Jun 29, 2006 23:48
Yeah, knowing that your course in life is set and there is no way to go back or change the things that will haunt you forever. I know that you don't know this, but I'm really good with most babies (like 75%). They find me either annoying as hell (25%), or they fall asleep in my arms and rest peacefully for hours.
Tonight Kristin had Crystal's kids over. It's a long story, don't ask. Anywho, Kaylan who is 8 months old didn't wanna lay down with her bottle and go to sleep. My part of the packing was pretty much done. I went in with Kaylan and held her and rocked her. It was so sweet and so warm to hold her there in my arms. She fell asleep in about three minutes. I tried to lay her down, but Kristin's bed scared me. I didn't want her to roll wrong or hurt herslf.
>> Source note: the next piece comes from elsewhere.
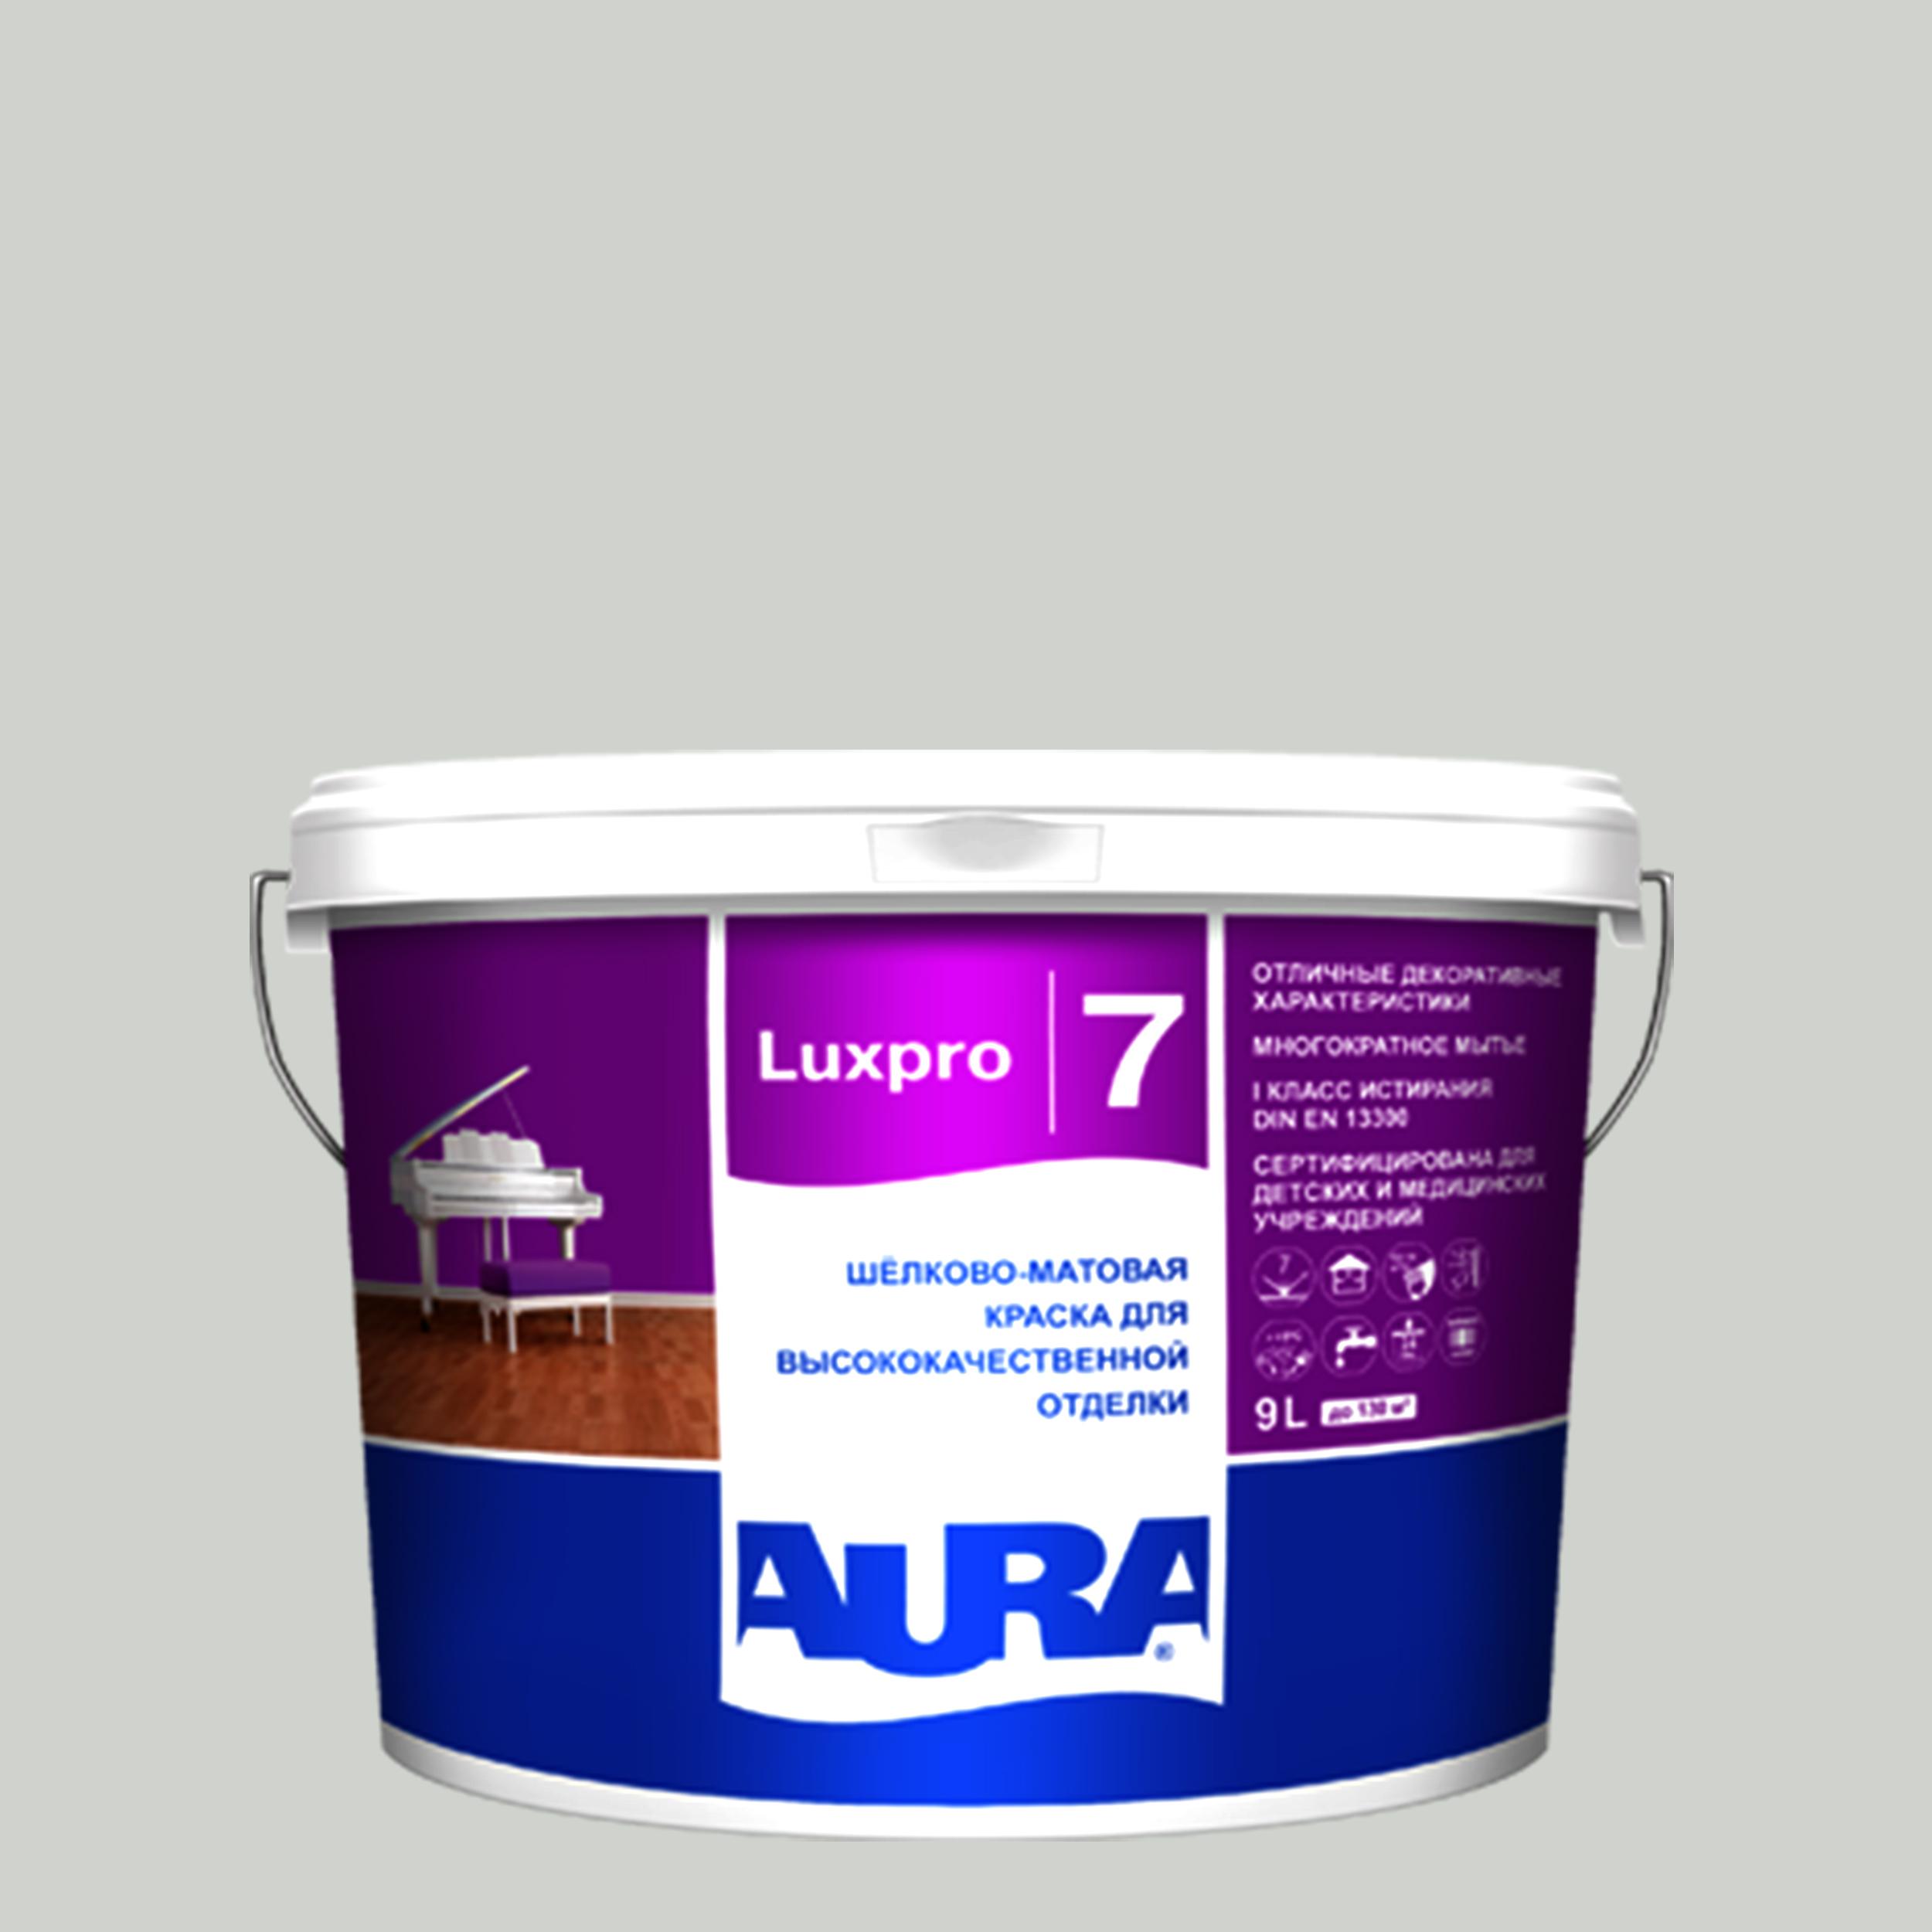 Фото 4 - Краска интерьерная, Aura LuxPRO 7, RAL 4001, 11 кг.

No, instead I laid down on the bed with Kaylan in my arms. She snuffled down and barely moved.
Kristin came in and said she needed to pack up her room, so we moved to my room. Yeah, sitting in my bed with this warm baby in my arms cuddled up on my chest made me realize how much it sucks ass that I won't ever be able to have kids of my own. I started crying. It made me hurt really bad to feel that way. Knowing that this baby, not even a family member's baby or niece or nephew, might be the last time I get to hold a baby like that just broke my heart. What did I do wrong in life that I can't have babies? What was so wrong?
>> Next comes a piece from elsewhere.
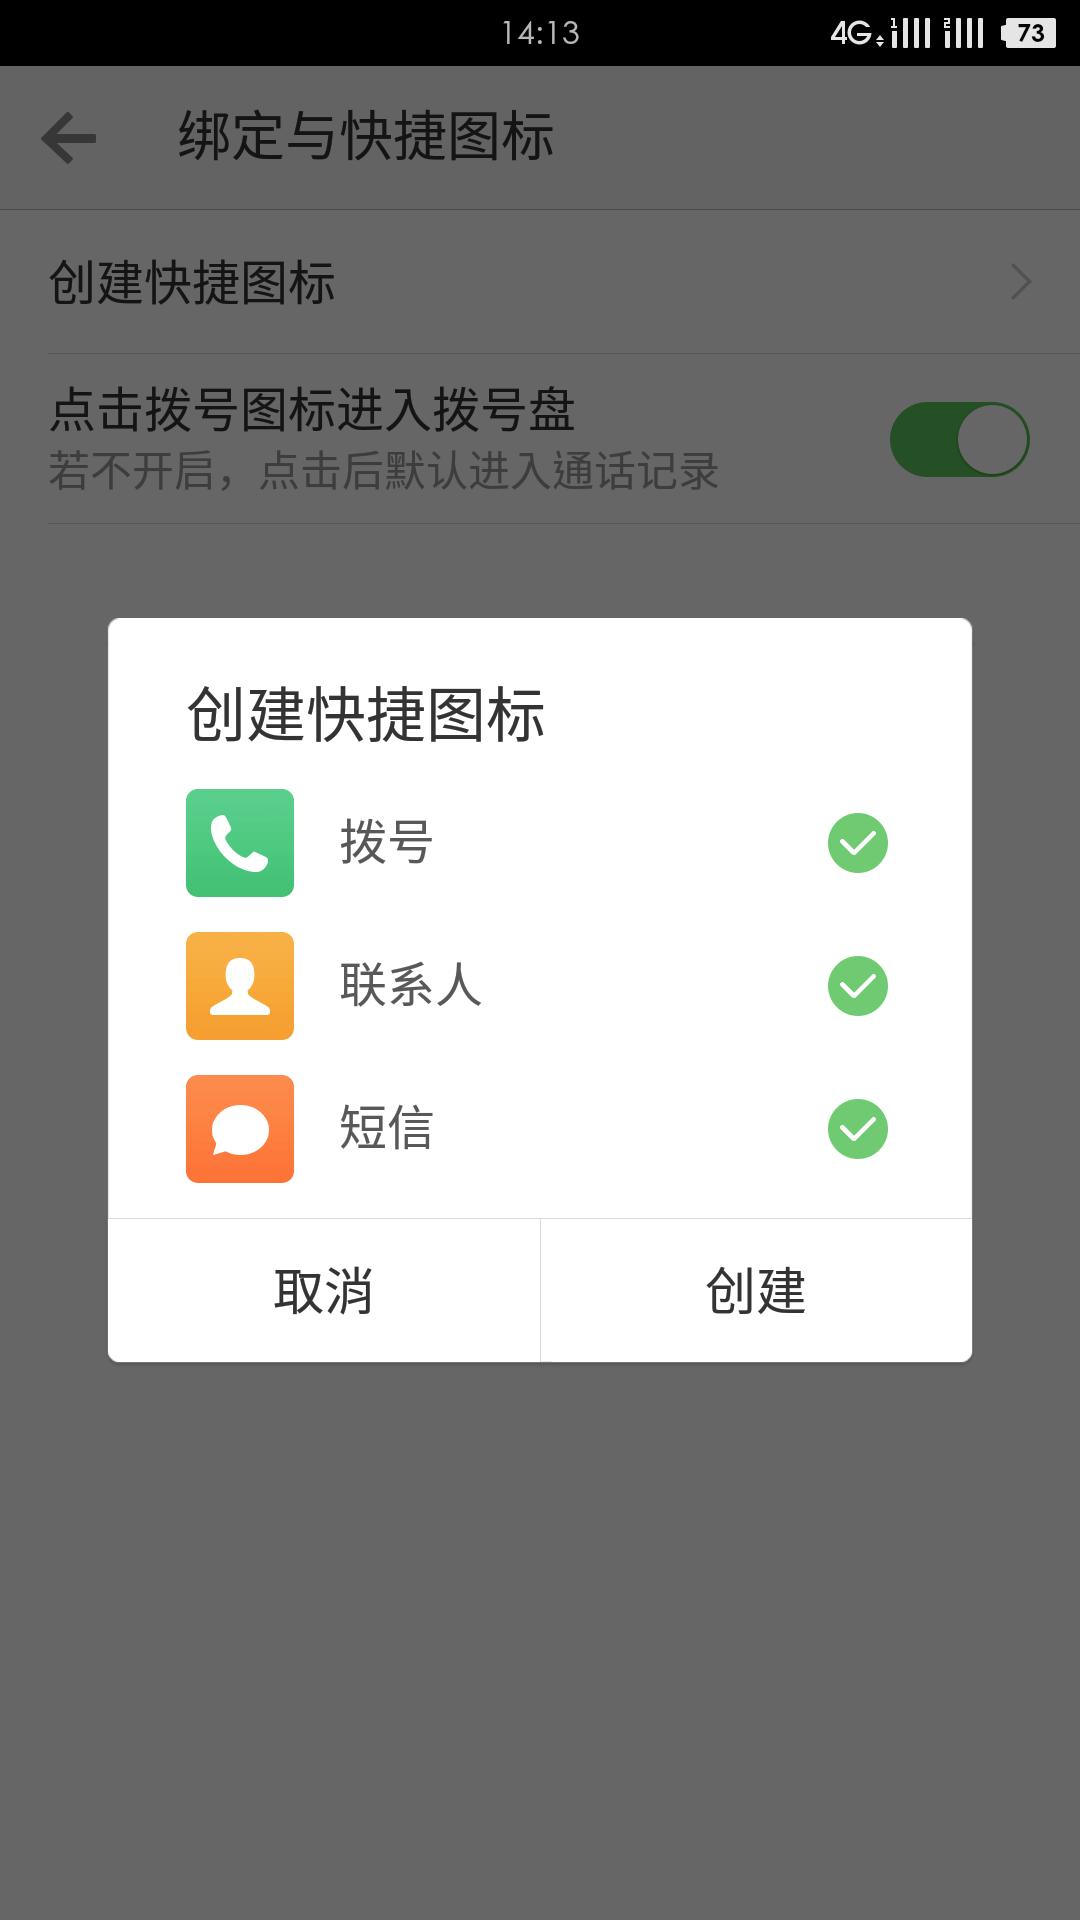 Screenshot_2015-11-22-14-13-08.png

I know so many people in life that don't want to have kids. I always wanted kids when I was little. Jeebus my heart is breaking right now. I've had my cry now, so mabye if I lay down I'll be able to sleep. It just felts so good to have that trusting little body next to mine. (deleted sappy comment here)
The baby is gone now. People wonder why I stay away from them, it's because it hurts too much.